■ **Given entries**
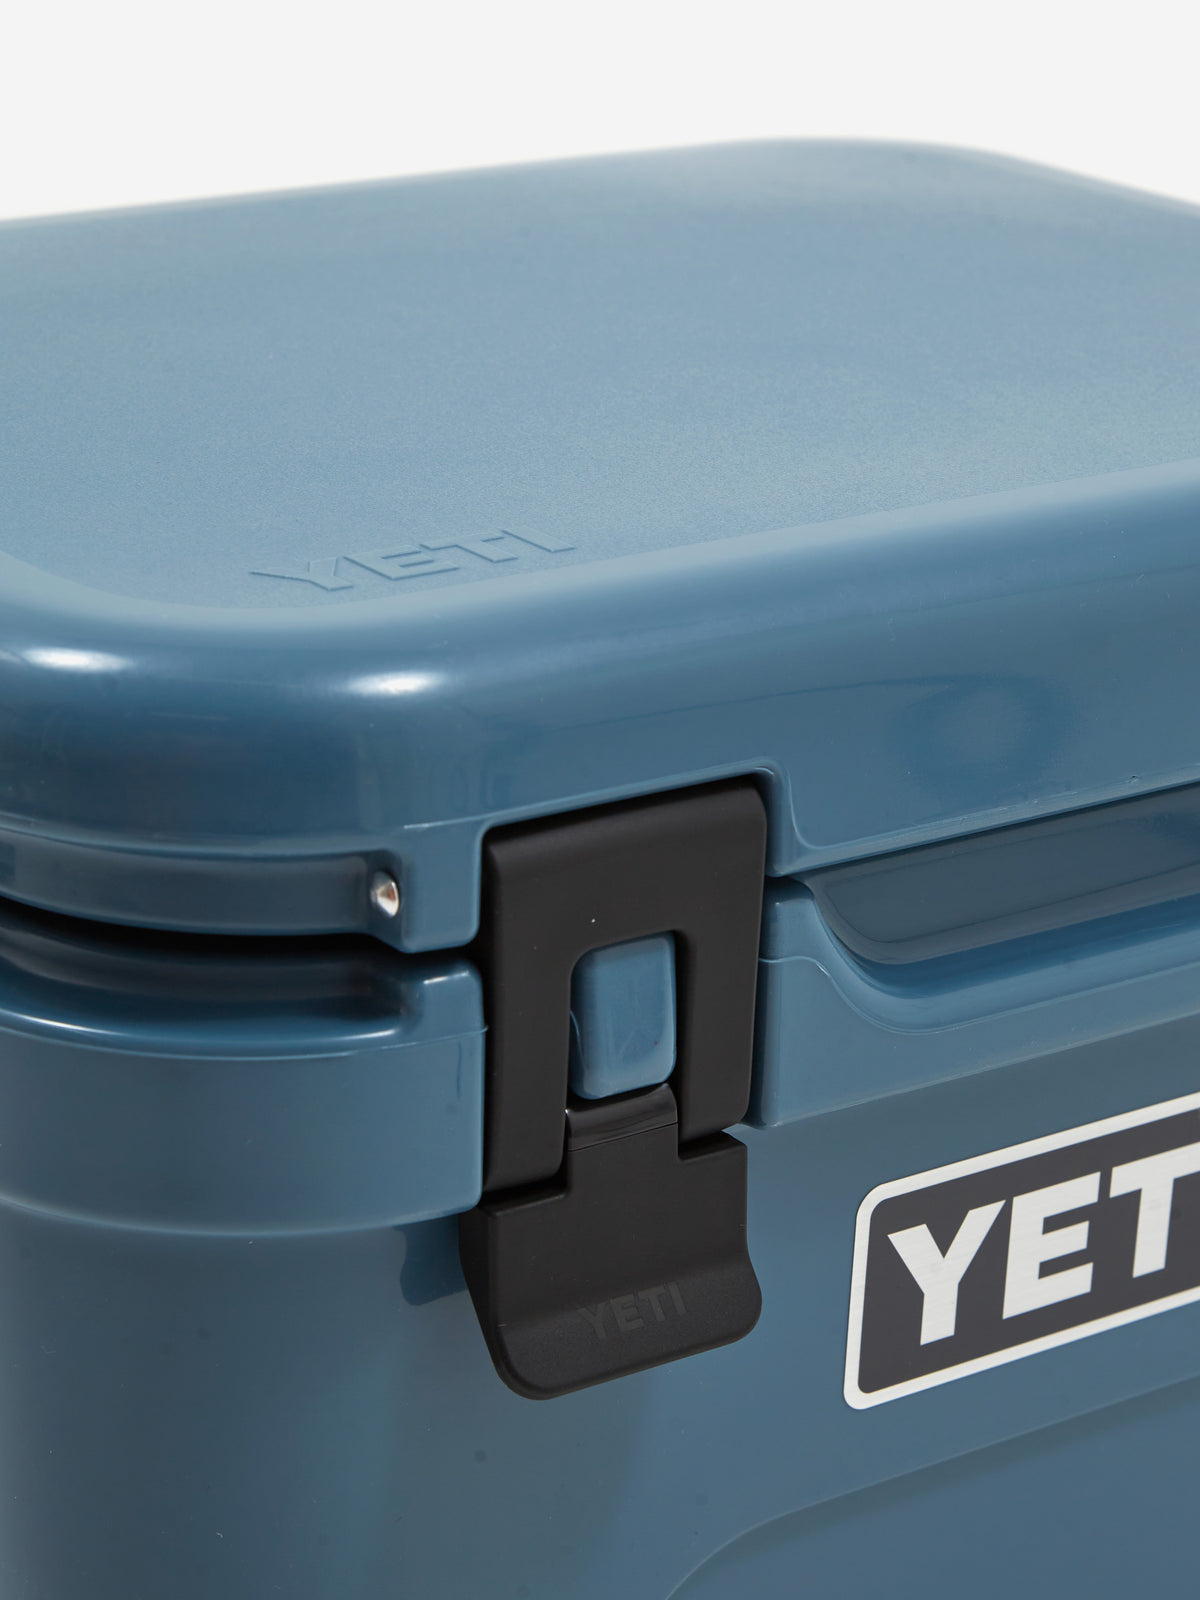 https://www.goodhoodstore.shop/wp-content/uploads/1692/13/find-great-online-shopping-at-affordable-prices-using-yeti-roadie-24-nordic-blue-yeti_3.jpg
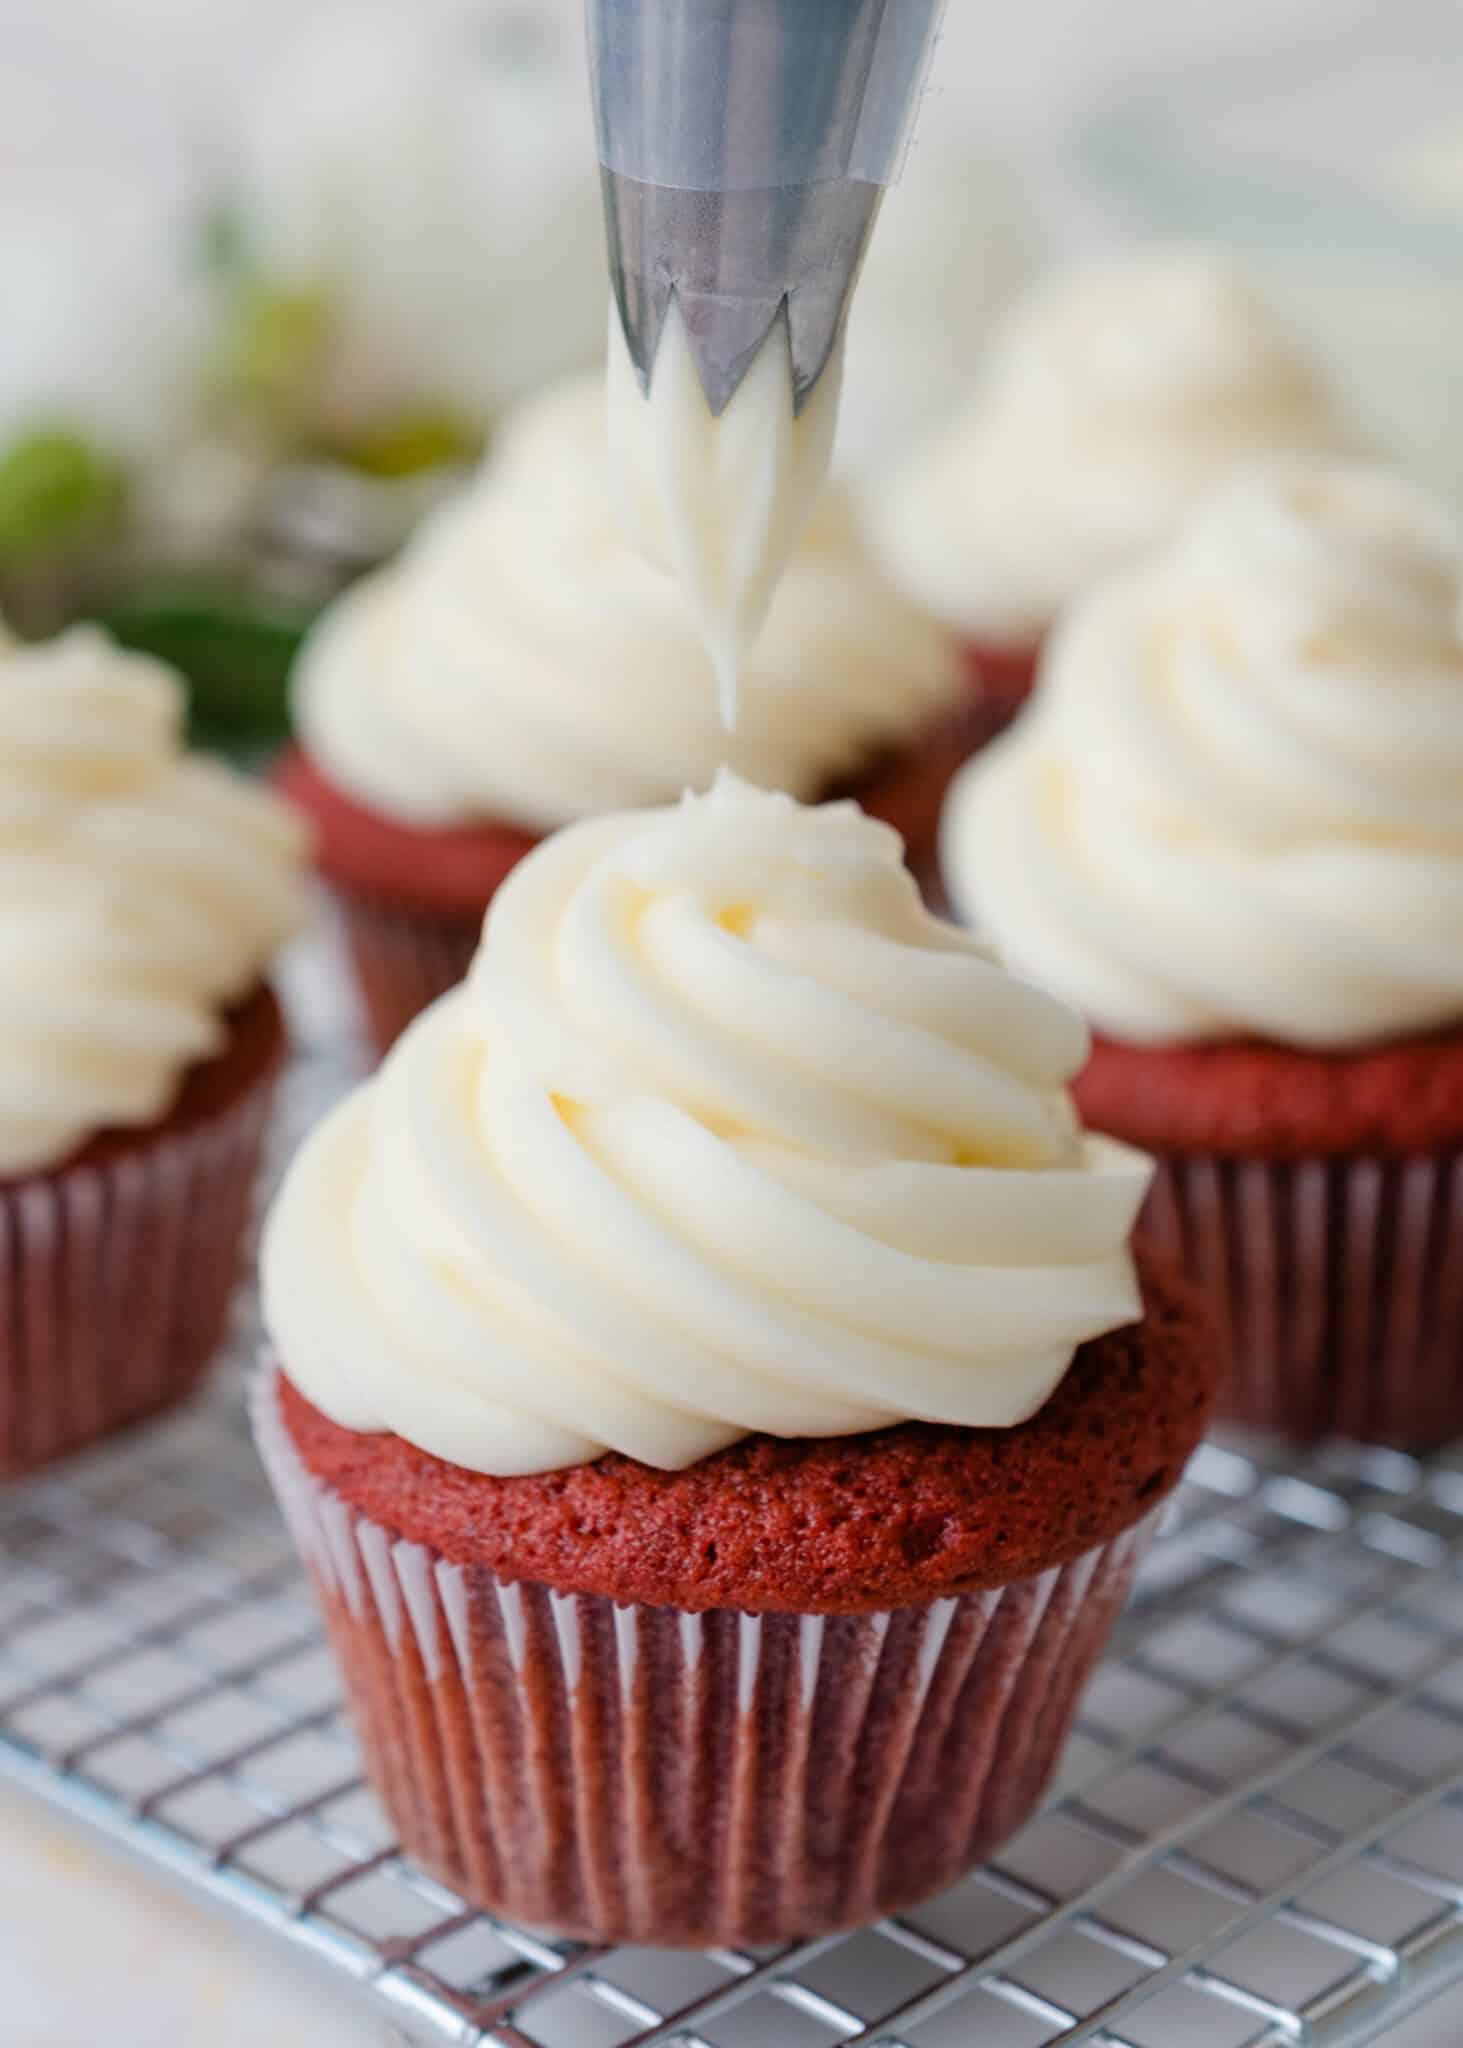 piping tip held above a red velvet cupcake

--

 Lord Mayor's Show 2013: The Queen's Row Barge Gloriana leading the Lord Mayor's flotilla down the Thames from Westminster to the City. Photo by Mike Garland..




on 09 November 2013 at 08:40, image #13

* * *

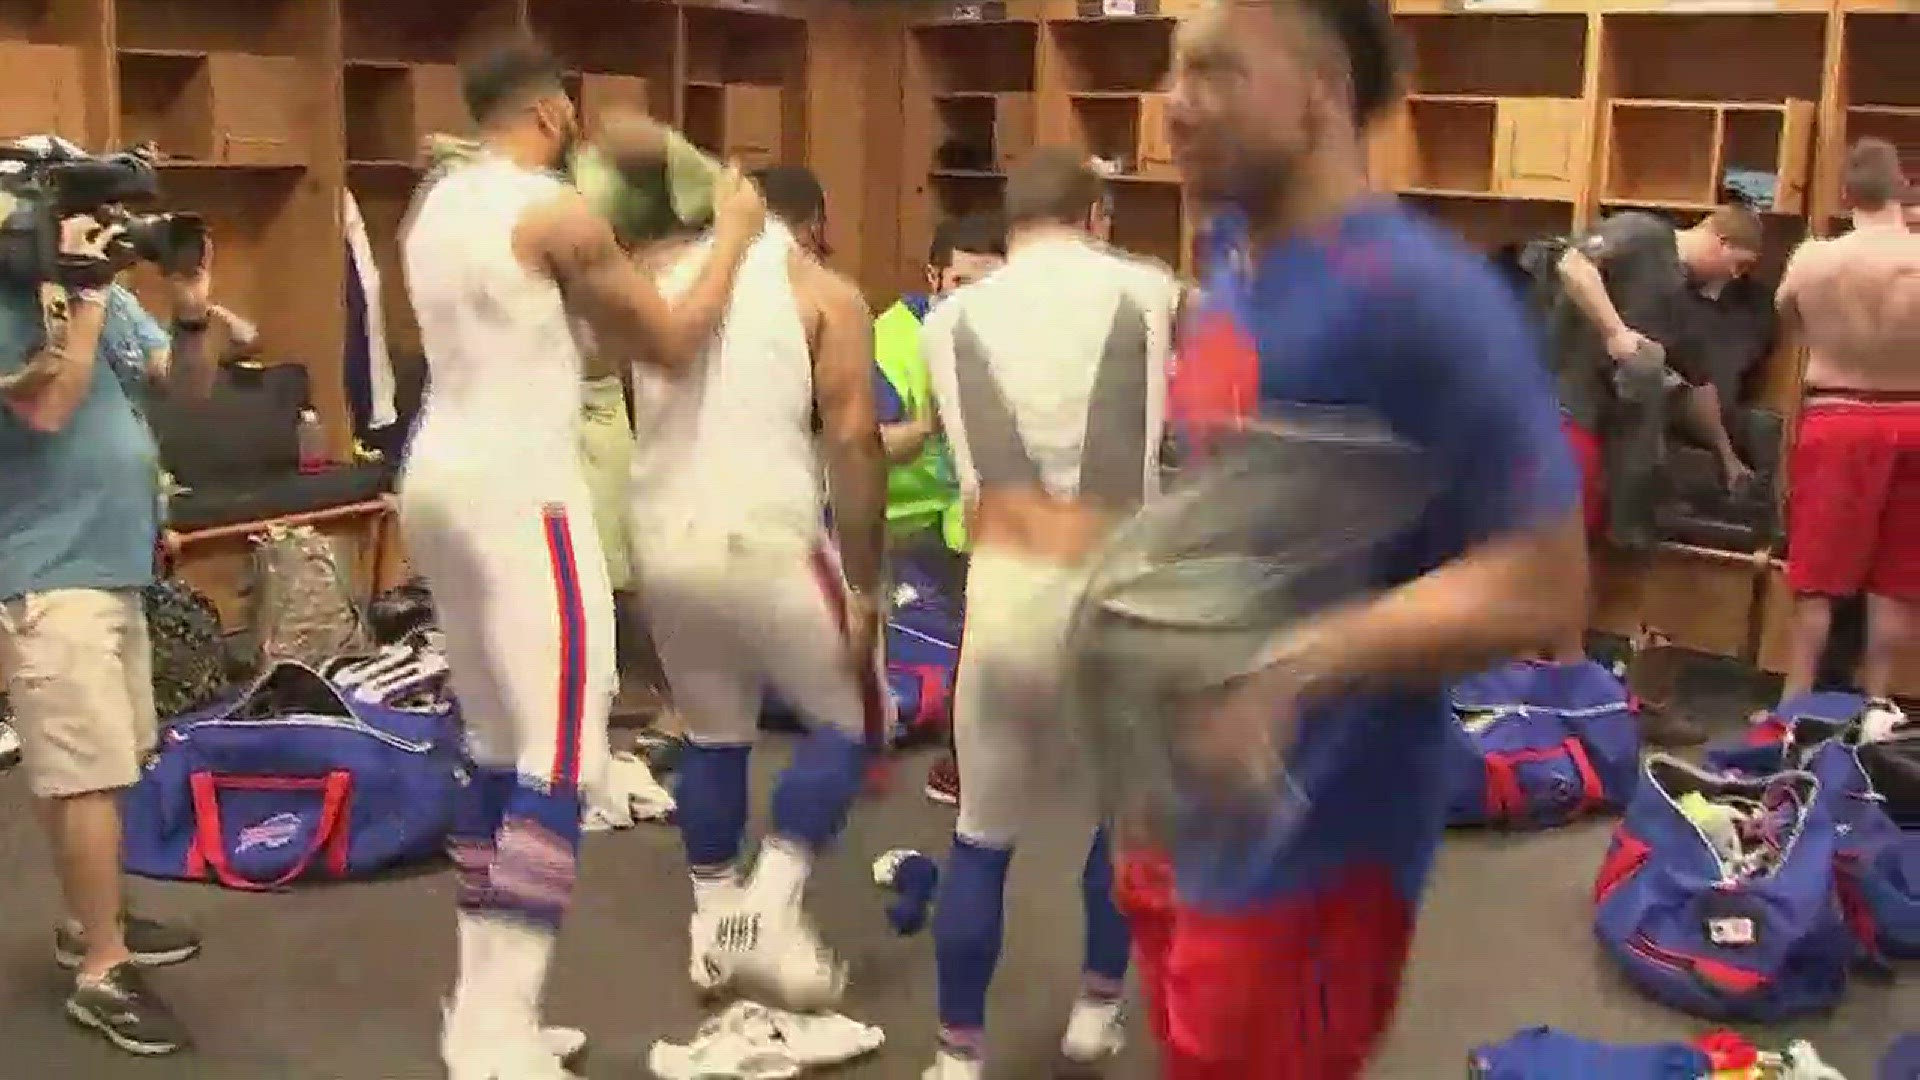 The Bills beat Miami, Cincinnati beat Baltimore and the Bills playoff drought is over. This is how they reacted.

■ **Assignment**
Could you retype exactly the lines above, starting at the line that contains "Lord Mayor's Show" and ending at the line that contains "on 09 November 2013 at 08:40, image #13", and nothing more?

■ **Response box**
 Lord Mayor's Show 2013: The Queen's Row Barge Gloriana leading the Lord Mayor's flotilla down the Thames from Westminster to the City. Photo by Mike Garland..




on 09 November 2013 at 08:40, image #13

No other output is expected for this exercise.